(Beginning of Entries provided)
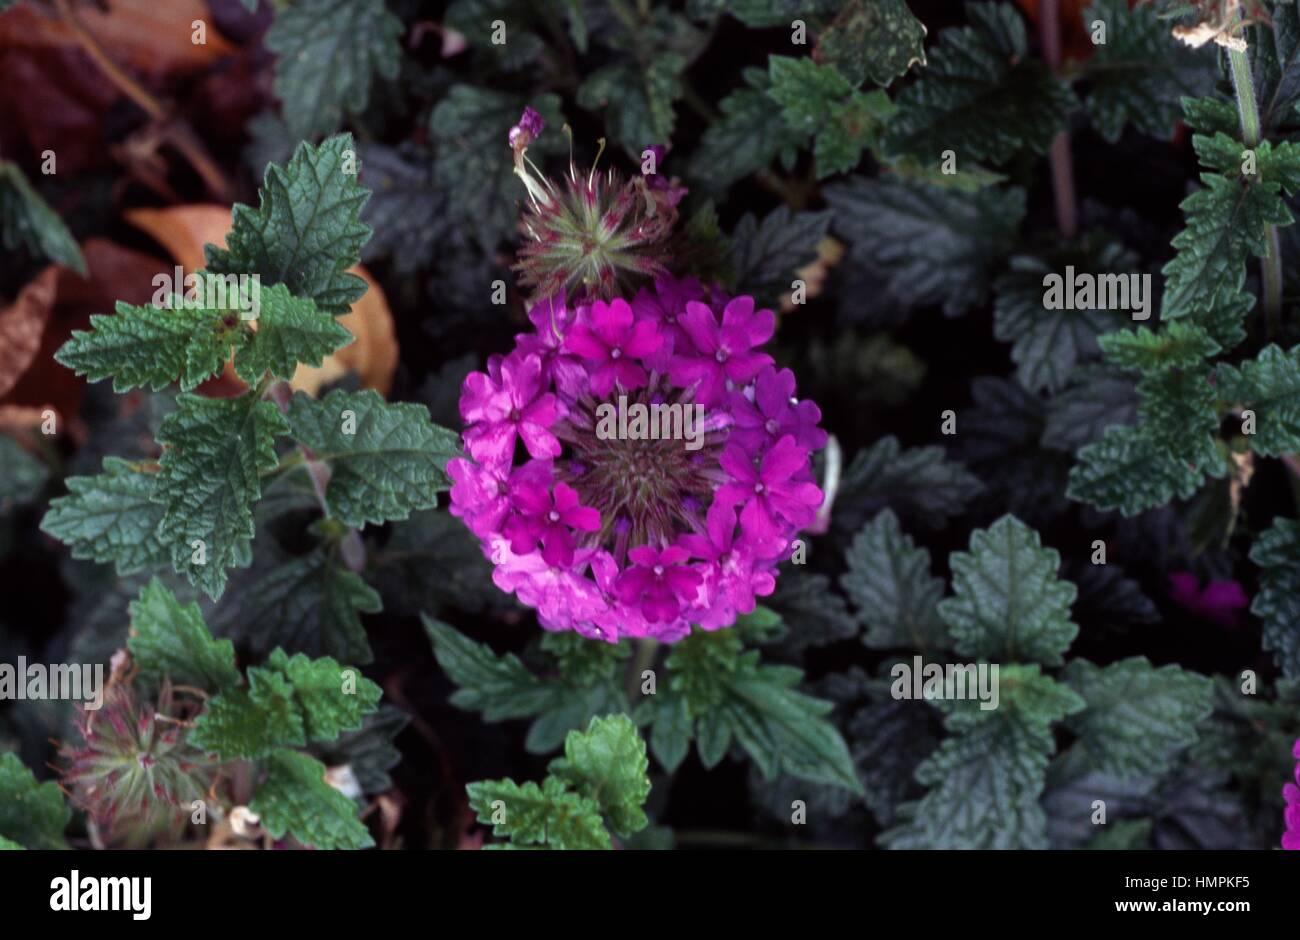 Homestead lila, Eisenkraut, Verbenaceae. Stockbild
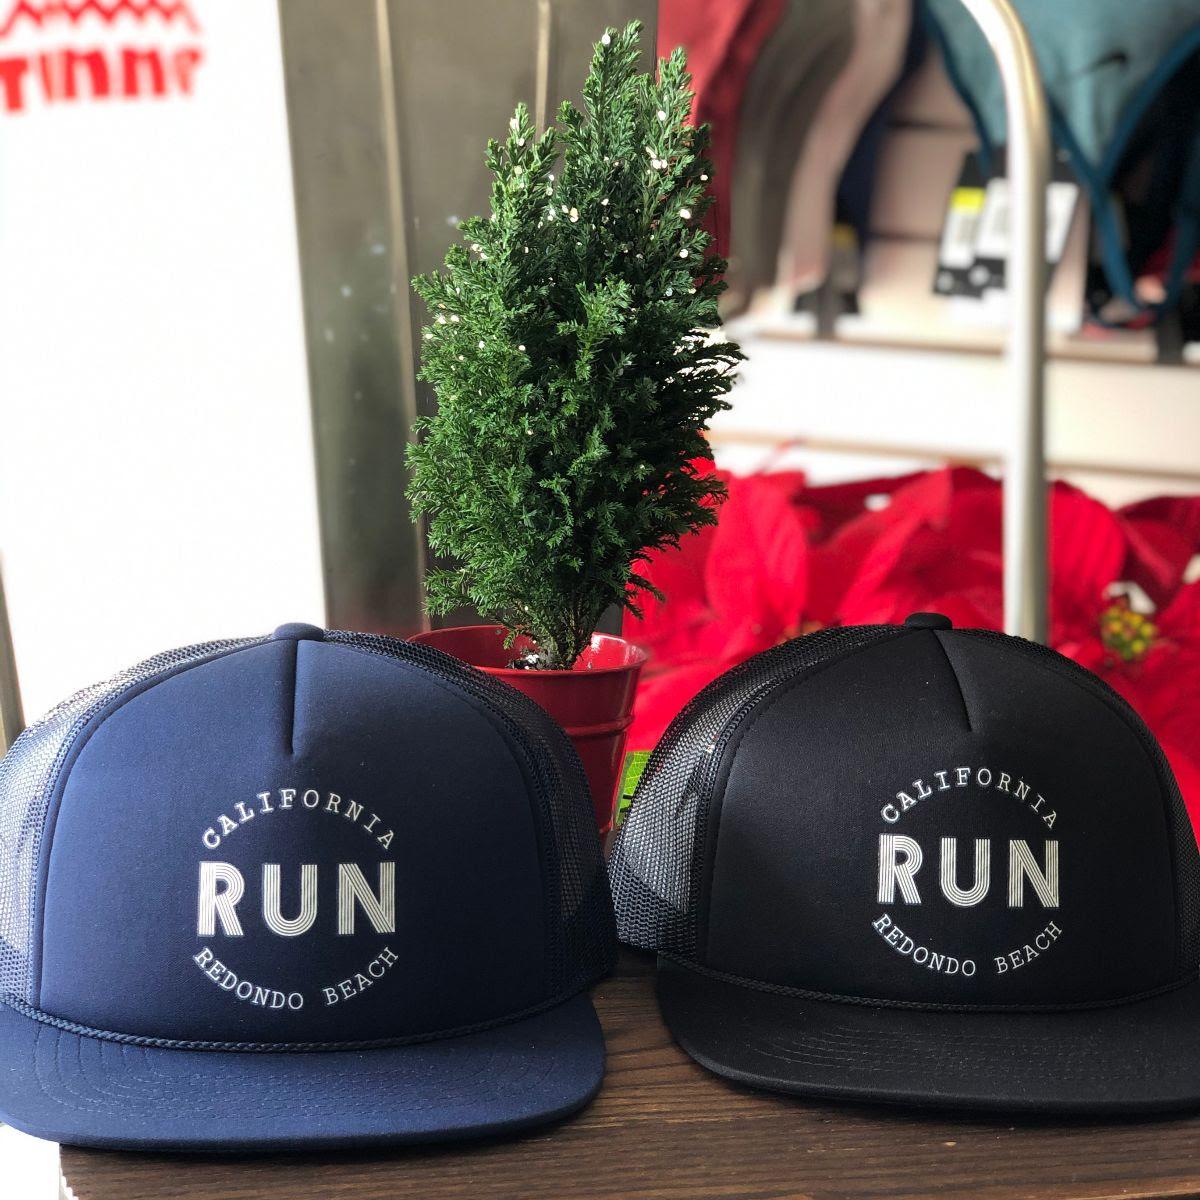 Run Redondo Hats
(End of Entries provided)
(Beginning of Entries provided)
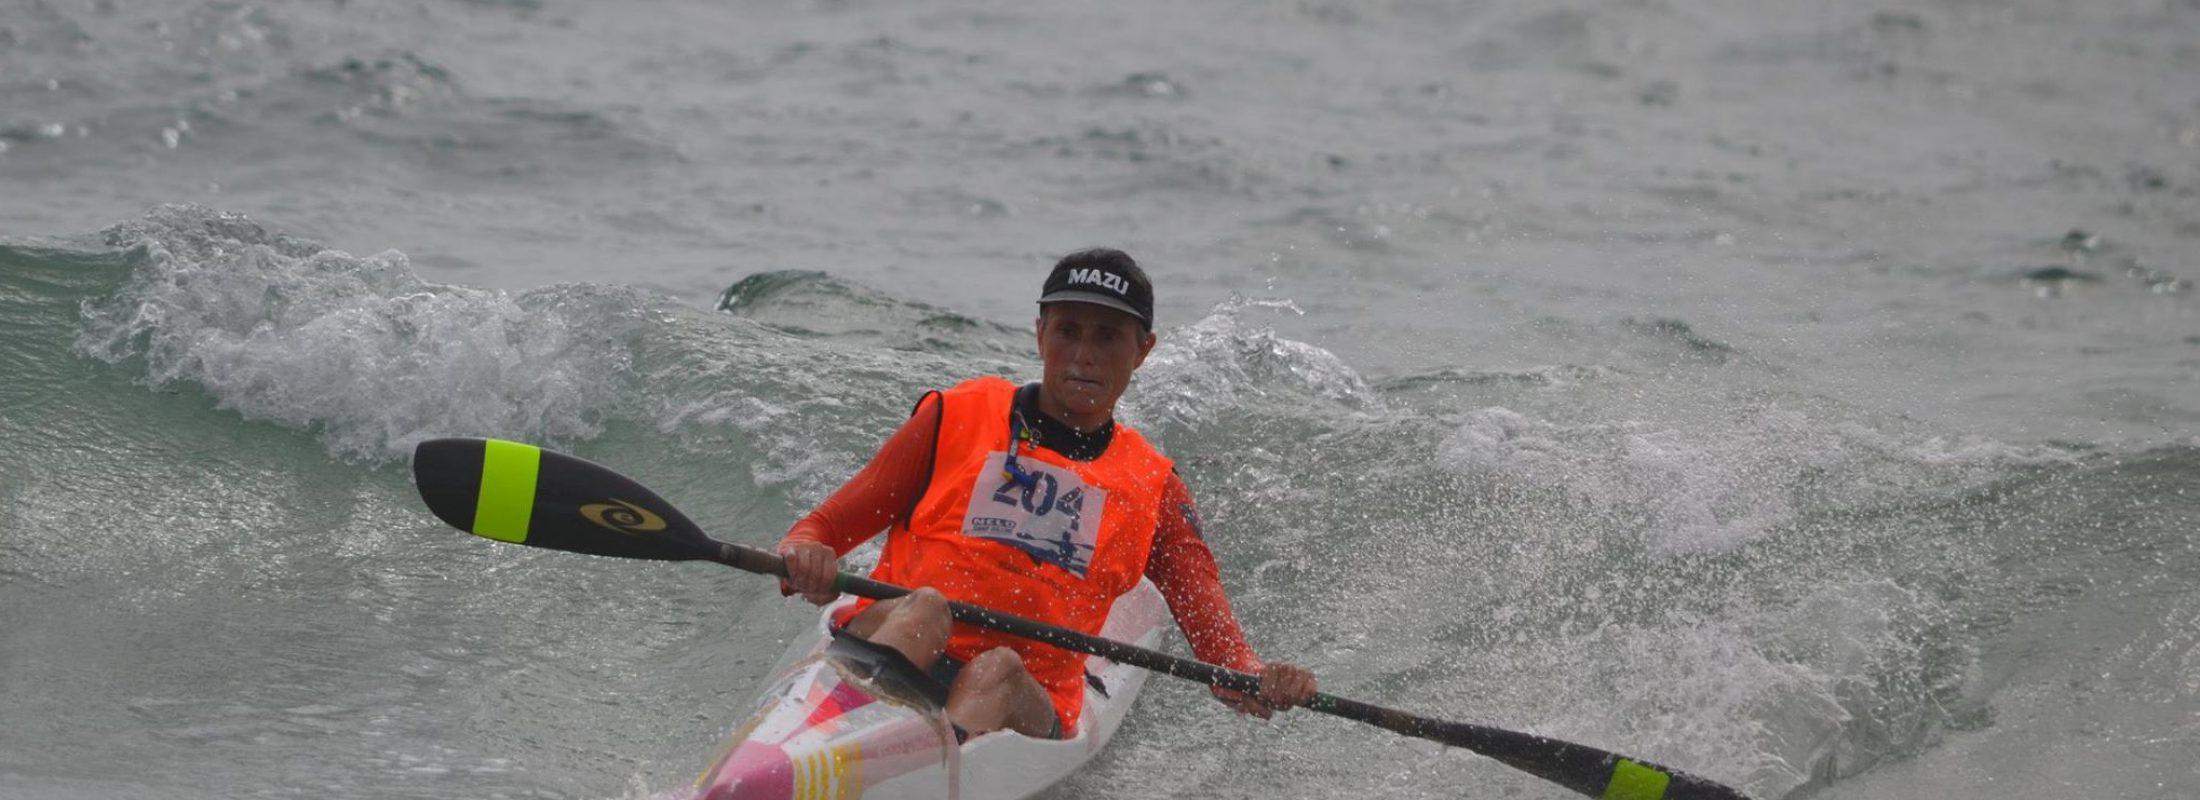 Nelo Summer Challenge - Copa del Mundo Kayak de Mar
(End of Entries provided)
- **Task details**:
What is wanted is an exact copy of the lines above from the one containing "Homestead lila, Eisenkraut, Verbenaceae." through the one containing "Run Redondo Hats", with no pictures in it.

- **Task output**:
 Homestead lila, Eisenkraut, Verbenaceae. Stockbild
 Run Redondo Hats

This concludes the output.